Shortcrust pastry
December 25, 2020
This recipe shows that it is possible to get a nice-tasting shortcrust pastry without all the refined flour, sugar and butter/margarine.
Please note I can’t give proper measurements for this recipe as it uses peanut butter as a replacement for the margarine, and the recipe itself will vary a lot depending on how oily your peanut butter is. If it is quite oily, you might be able to get away with a 1:1 replacement of margarine vs peanut butter. Otherwise, you will need to use more peanut butter, and maybe add a bit of oil…

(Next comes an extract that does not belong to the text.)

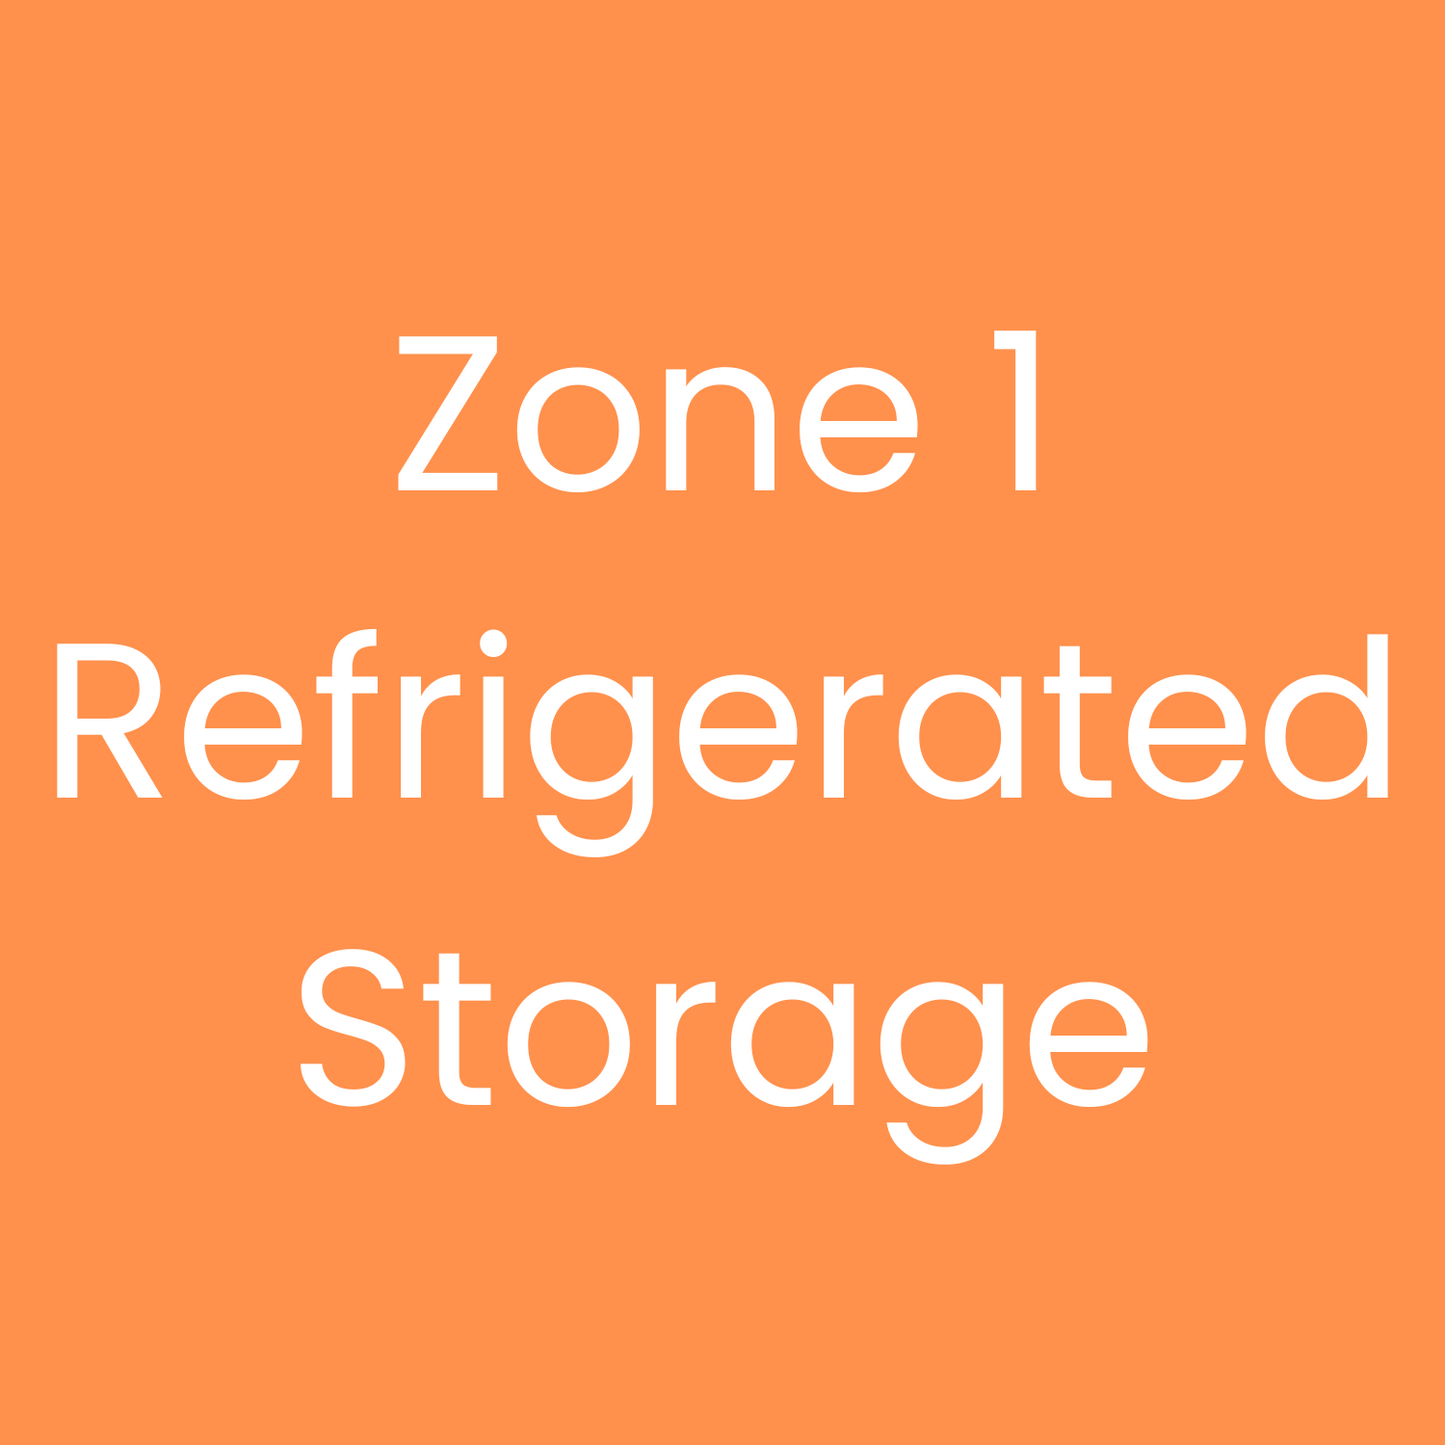 Zone 1 Refrigerated Storage

In a large bowl, put 120g fine wholemeal flour (I use atta flour) and 50g brown sugar. Add 90g of peanut butter and mix everything. The consistency should be so that it holds together if pressed, but crumbles easily. Essentially what you would use to make a crumble. If the peanut butter is not very oily, you will probably need to add some peanut butter, mix again and test the crumbliness again. You might need to add a tsp or two of coconut oil, which works well but is unfortunately unhealthy because it’s almost pure saturated fat.
After that, add some water (not too much) and mix with your hands. Add more water until the dough holds together nicely.
To roll it, sprinkle some flour (just a tiny bit is enough given that the dough is quite oily) on a kitchen countertop and roll progressively with a pin roller. This step should be done very slowly otherwise the dough will break at the edges. In fact, it’s almost impossible for dough not to break, but try to keep at minimum. Once rolled at the right shape, roll the dough over the pin roller to help you carry it over to the mould. You will typically need to half-bake it (10 minutes at 180C with fan) before adding some toppings.